Мол, никак не пойму, то ли язва открылась,
То ли, и это не блеф, не брехня,
Селезёнка, зараза, опять обострилась.
Ничего. Мой помощник заменит меня.
Он не то, чтобы там «бу-бу-бу, тары-бары»,
Он в подобных делах – зуб даю, высший сорт,
А меня теперь в Чехию, в Карловы Вары
Отправляют врачи на целебный курорт.
Вот помощник пришёл. Ну и ну, мать честная!
Это ж Танькин тот самый её педагог!
Женька встал у окна, свежий воздух глотая, —
Это боль, как кувалда, ударила в бок!
Вот тут я отвлекусь совсем немного,
Точнее, сколько надо, отвлекусь.
Был СССР, мы шли своей дорогой.
Как вспомню, так сто раз перекрещусь!
Со мной вели учёные беседы
Ночами напролёт, до забытья,
Мом друзья, литературоведы,
Такие же дебилы, как и я.
В чём дебилизм? Да в том, что в человека
Мы верили всем сердцем, горячо,
А тут – высокий суд, Танюха, Жека,
Грызня, базары, тёрки, что ещё?
Кидалово какое-то сплошное
Везде, где бабки. Танькин музыкант,
Точнее, мудозвон. А, впрочем, что я?
Ну, пялился он с Танькой на закат,
Ну, не умел смычком водить по скрипке
И даже нот на клавишах не знал,
К чему ворчать? У всех свои ошибки,
Я людям в жизни многое прощал.
И здесь мне как-то глупо и нелепо
Скрипеть на них, как старый табурет.
У всех свой путь. Свобода – это скрепа.
Без денег никакой свободы нет.
Но я скриплю, стараюсь кое-как себя держать.
А не выходит, братцы. Это как же так – отжать
У друга бизнес, да и самому же
На хитрую разводку, как на удочку, попасть?
Про Женьку, про него я – и кривить при этом пасть,
Криви, ори – кому ты, на хрен, нужен?
И хоть рожа у Женьки и вправду кривая,
Но разводки пока ещё как таковой
Не случилось. Однако она назревает.
Женька чувствует это загривком, спиной.
«Ладно, с банков начнём, – пробежимся, погнали, —
Их там три у меня», а помощник в ответ:
«Там слияние было, я помню детали,
Трёх в один, это значит, что двух уже нет».
Женька враз протрезвел: как-то дело погано!
«Ты скажи мне, а кто в этом банке глава?»

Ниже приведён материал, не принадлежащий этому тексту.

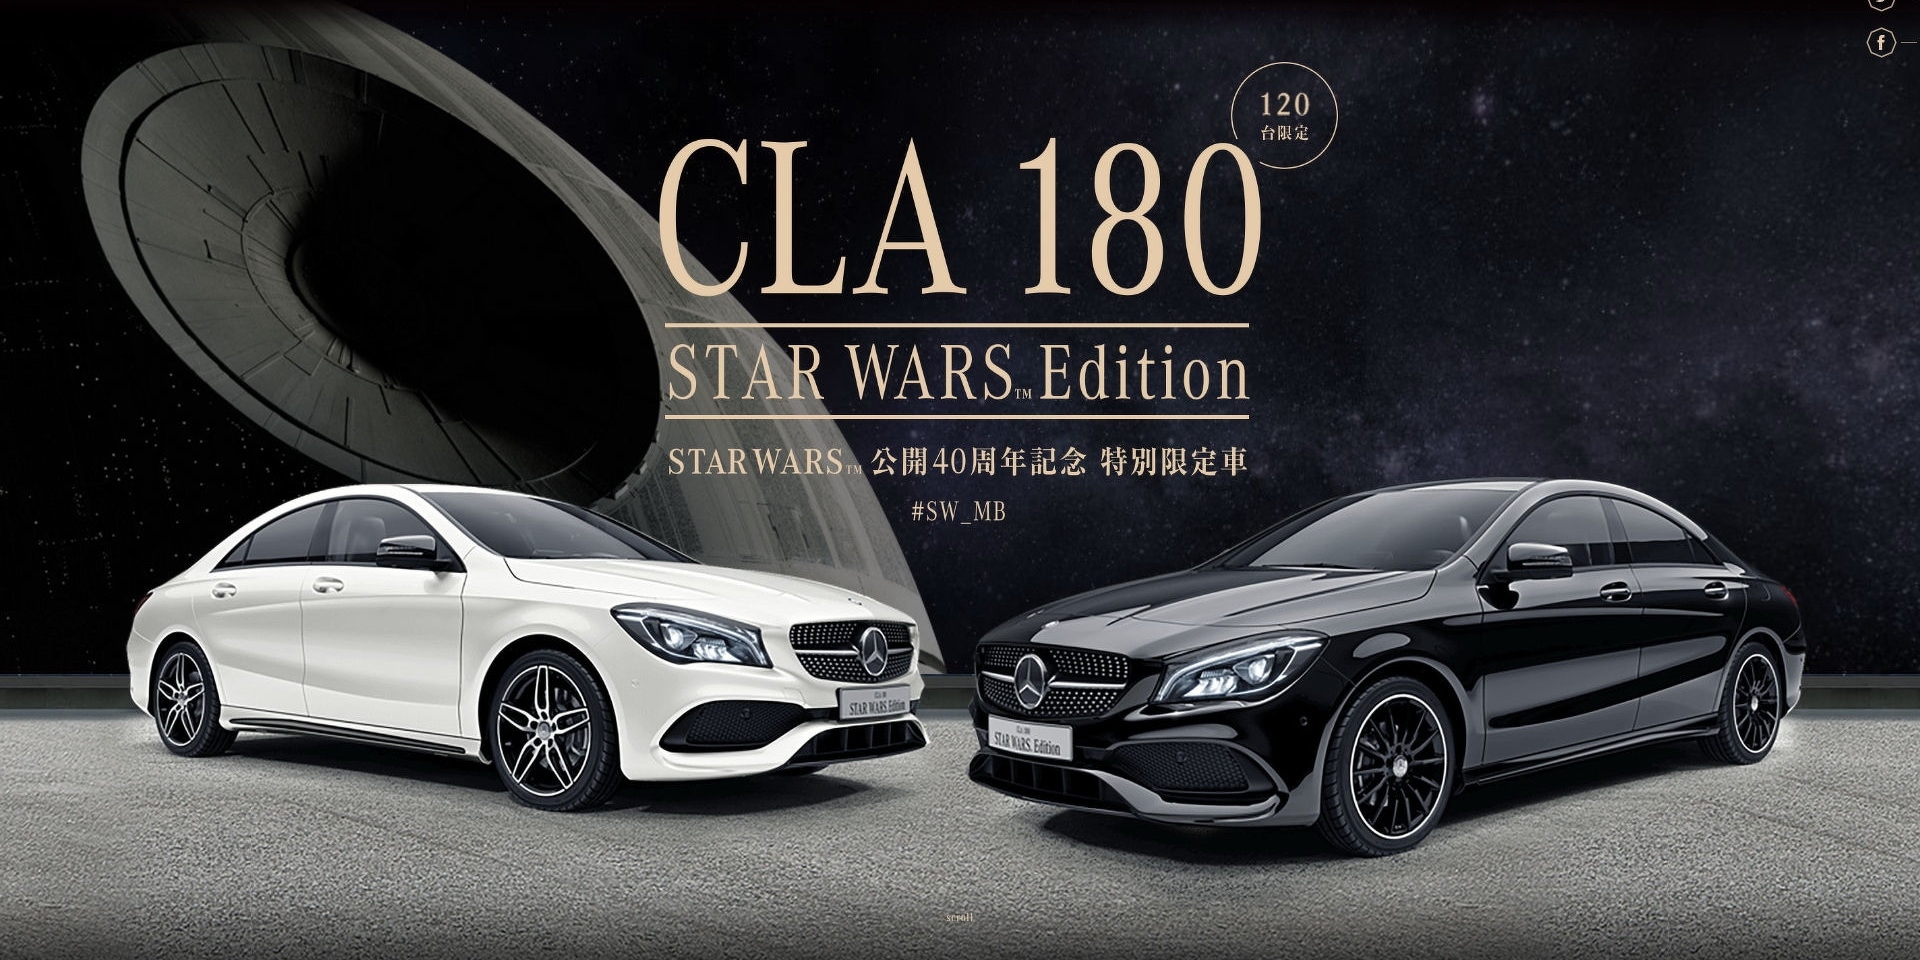 願原力與你同在！Mercedes-Benz CLA180日本限定星戰特仕版！
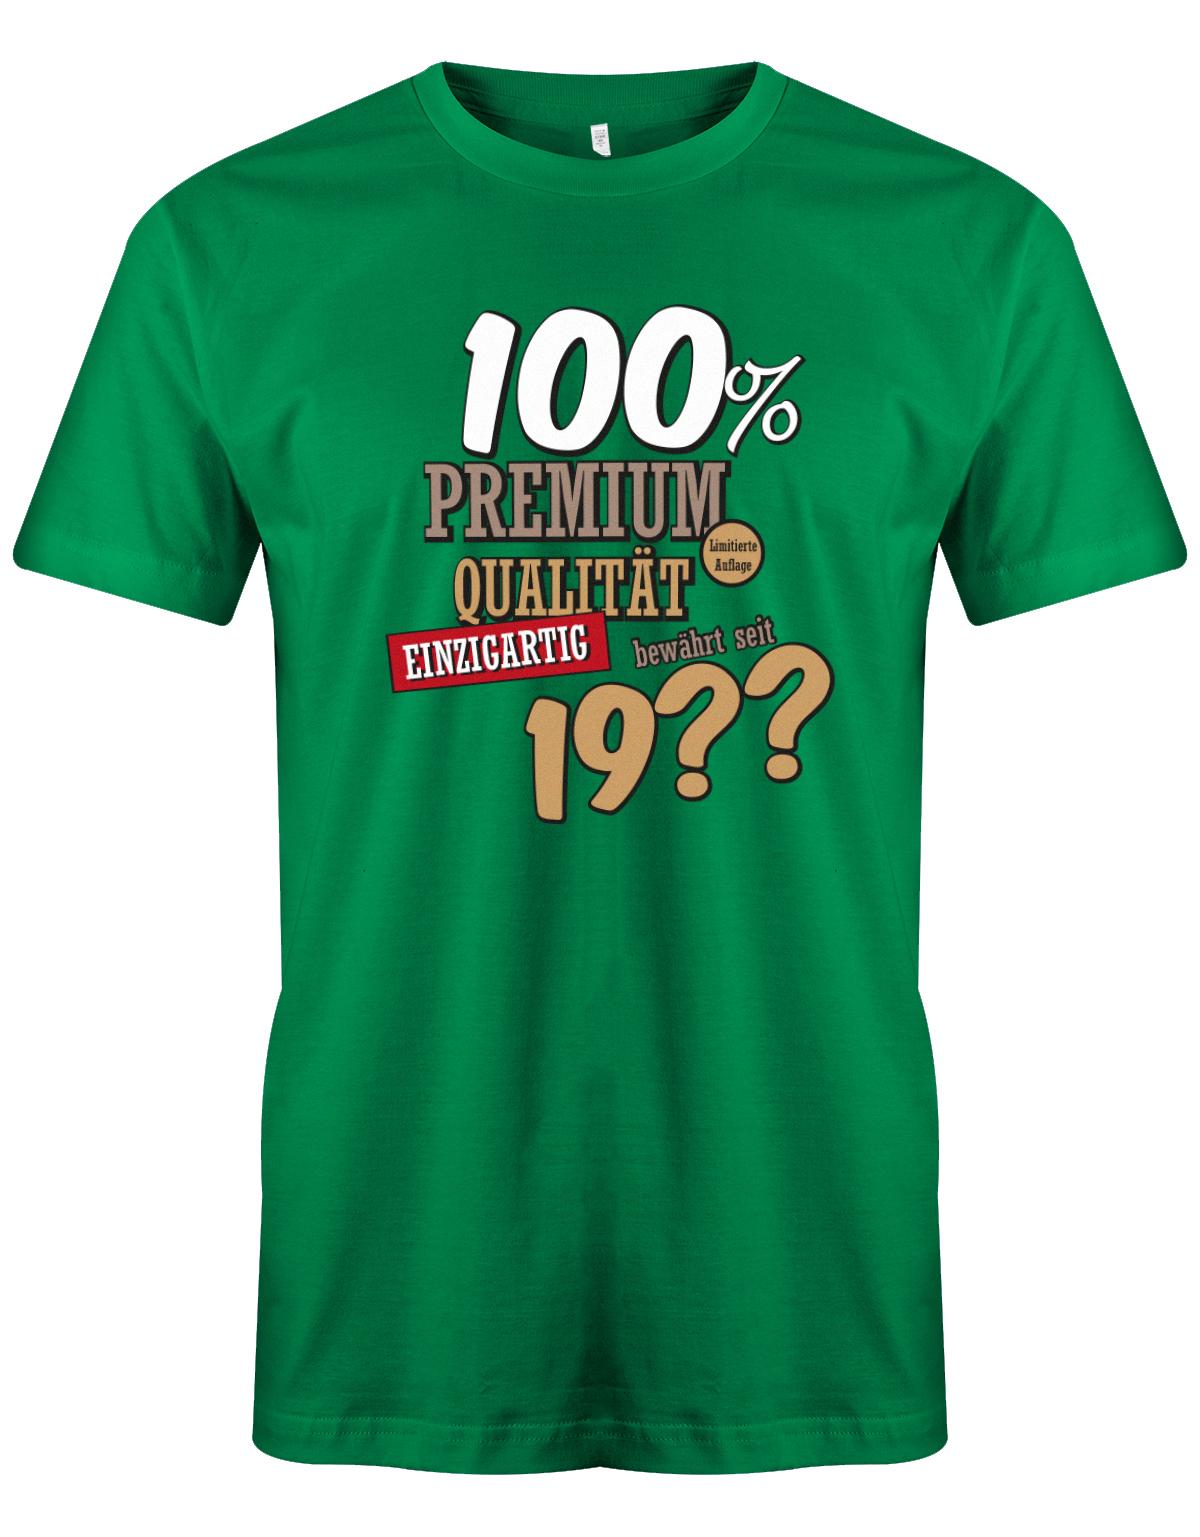 100Prozent-Premium-Qualit-t-shirt-seit-geburtsjahr-Herren-Geburtstag-Shirt-Lustiges T-Shirt zu Bedruckt Junge Lustig ist ein tolles  geschenk Jungen  geburtstag Junge  Geburtstag tshirt ✓ shirt geburtstag grün

И запнулся помощник: «Да, в общем, Татьяна.
Пусть мозгами скрипит! – были Ваши слова.
Вы тогда ещё Джону с костяшками счёты
Приказали достать, чтобы Таню привлечь —
Приспособить её для масштабной работы,
Чтоб учить заодно иностранную речь».
«А что у нас с заводами, любезный?
Их у меня, я знаю, завались!»
Женёк ответ услышал, и над бездной,
Над пропастью как будто бы завис —
От ужаса, что клонится к закату,
Летит ко всем чертям его звезда!
Заводов больше нет – ушли куда-то,
Да в Танькин банк уплыли – вот куда!
Пыхтели потихоньку, и поди ты —
Какой-то там финансовый аврал!
Они залогом стали по кредитам.
Кредит просрочен. Банк залог забрал.
Де-юре никакой там Таньки нету,
Там люди Джона рулят – тесный блок! —
Куют большую звонкую монету —
Такие, как вот этот педагог!
Он говорит: «Вы сами поручили
Все доли в банках быстро обменять
На акции компаний где-то в Чили,
Чтоб концентрат там медный добывать.
Вот все бумаги». Злой, как волк в загоне,
Зарылся Женька в месиво таблиц,
В трясину чисел. Он примерно понял,
Какая тут сложилась группа лиц,
Какая птица-тройка всем стихиям поперёк
Летит напропалую – Джон, Танюха, педагог,
Который, вон, словами так и сыпет:
«У Вас долги, Евгений, то да сё, лимит затрат,
Так вышло, там у них не подтвердился концентрат.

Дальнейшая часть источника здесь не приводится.